Trump: Stock market awaiting ‘incredible’ results on US trade talks

While President Trump is impressed with the U.S. stock market’s growth since his election, he conceded Friday it would be performing even better if international trade negotiations were resolved.

The major U.S. indexes have languished since the White House’s announcement of stiff metals tariffs in March, followed by duties on $50 billion of Chinese imports and threats of levies on $100 billion more after China retaliated. The blue-chip Dow Jones Industrial average is now 8.8 percent below its January record of 26,616.

Investors are “waiting to see what’s going to happen on trade,” Trump told reporters outside the White House. “We’re going to be announcing some incredible trade deals.”

Economists and analysts have expressed repeated concerns, however, that Trump’s protectionist policies might instead spark an international trade war that undermines the economic benefits of a GOP-led tax cut trimming the top corporate rate to 21 percent from 35 percent. The president has responded that some short-term pain may be required as the U.S. revises decades’ worth of trade policies that he says have undermined U.S. business.

In particular, Trump has cited a U.S. trade deficit that grew to $568.4 billion last year, driven largely by China. Still, the president says he has great respect for premier Xi Jinping.
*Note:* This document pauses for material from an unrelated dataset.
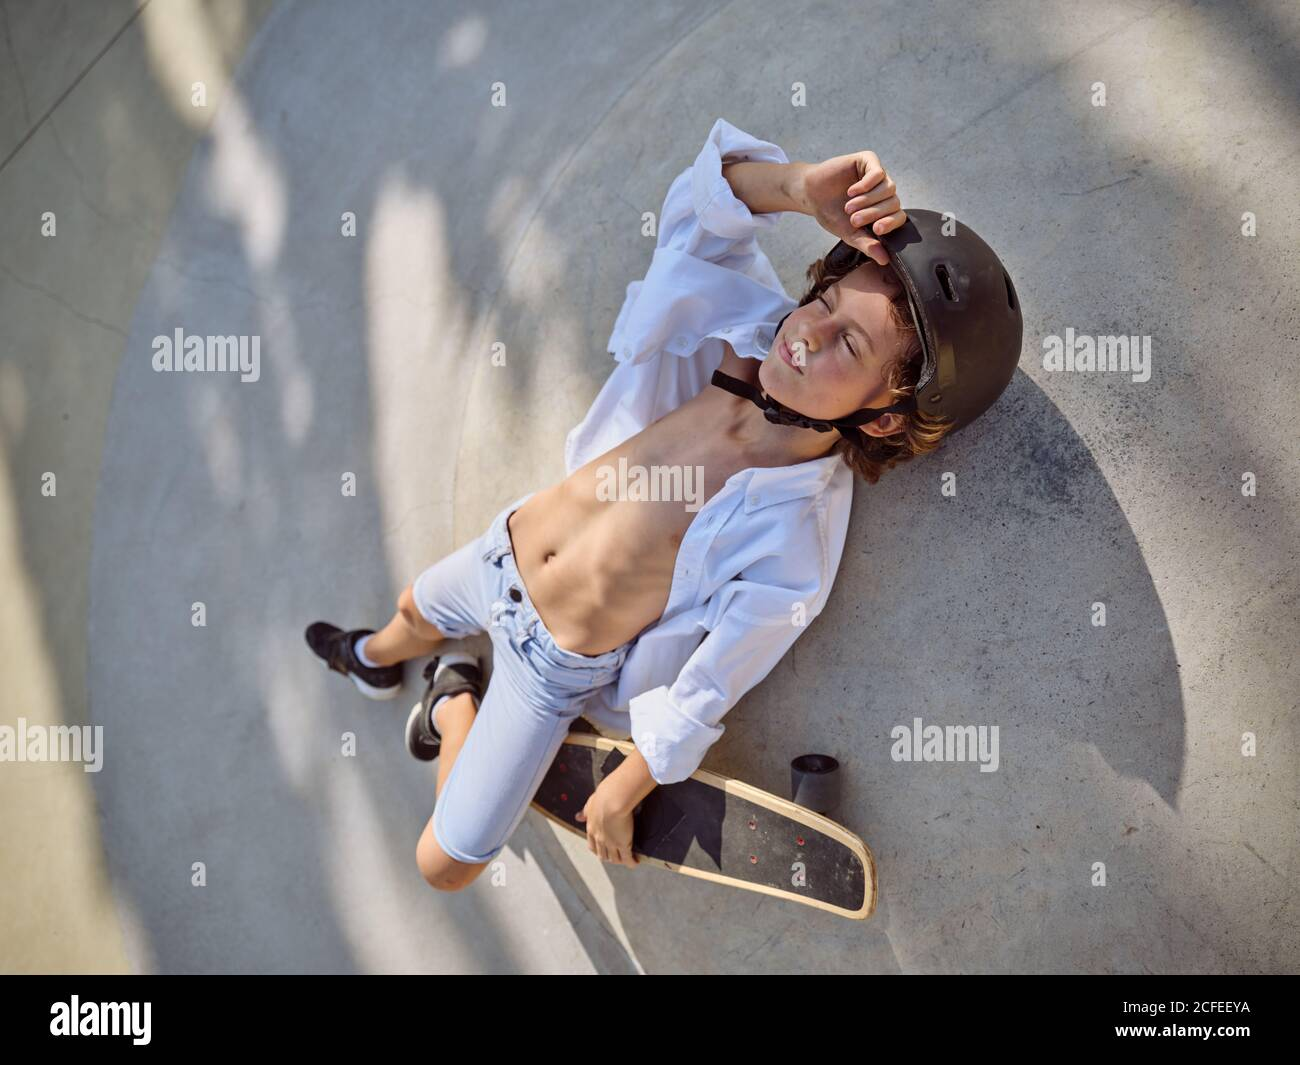 Blick von oben auf Kind im Helm liegend mit Augen geschlossen und chillen auf dem Boden im Skatepark mit Schatten Stockfoto

“That’s why we’re being so nice,” he said. “But we have to bring fairness to trade between the U.S. and China, and we will.”
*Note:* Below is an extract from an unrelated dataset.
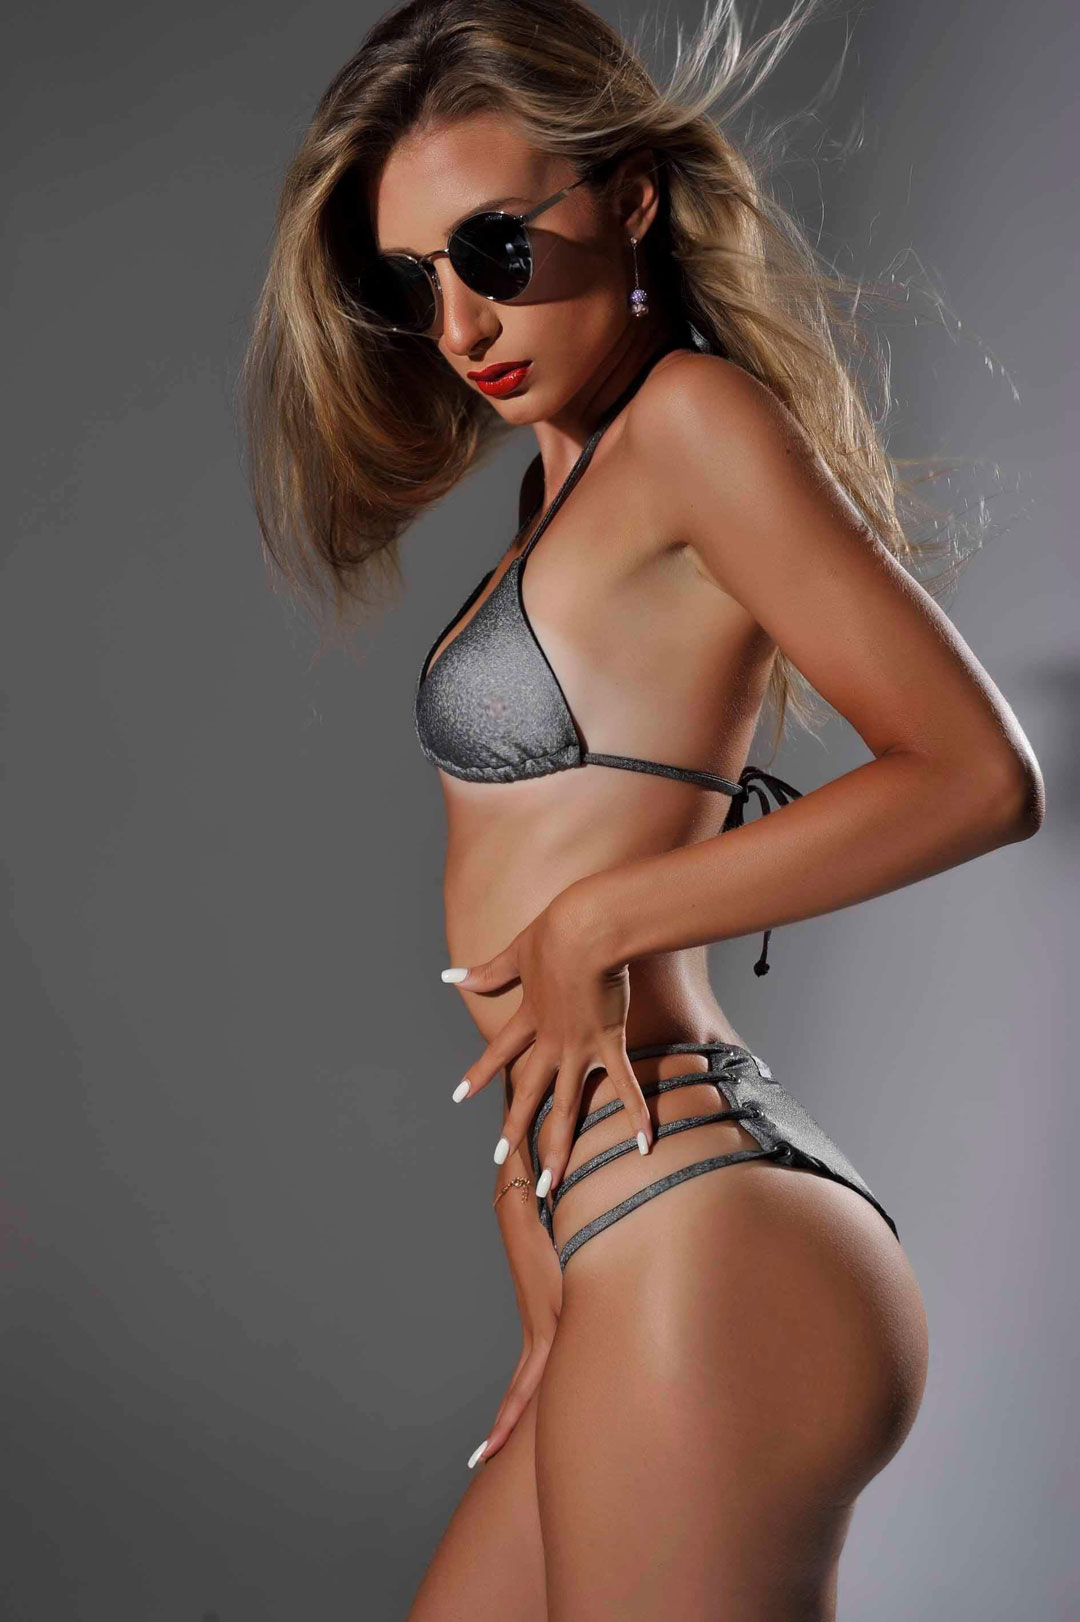 Fabiola Modella - Creative Models - Agenzia Modelle Brescia

The Dow Jones index climbed 1.4 percent as Trump’s trade comments combined with expansion in the job market. U.S. payrolls added 164,000 positions in April, the Department of Labor reported Friday morning, and the unemployment rate dropped to 3.9 percent. The S&P 500 subsequently rose 1.3 percent, and the tech-heavy Nasdaq added 1.7 percent.

China’s government, which met this week with a U.S. delegation including Treasury Secretary Steve Mnuchin and trade chief Robert Lighthizer, said Friday that “considerable differences” remain between the two parties, though progress was made.

Should China and the U.S. prove unable to resolve those points of contention, Chinese shoppers who use e-commerce platforms like Alibaba, a $488 billion firm based in Hangzhou, would find other importers, said Joseph Tsai, the company’s vice chairman.

“Obviously, a trade war is not good for anybody,” Tsai told investors on an earnings call. It might prove particularly harmful to small U.S. businesses that sell products via Alibaba, he noted, but “there will always be alternative channels for us to bring in imported products for Chinese consumers.”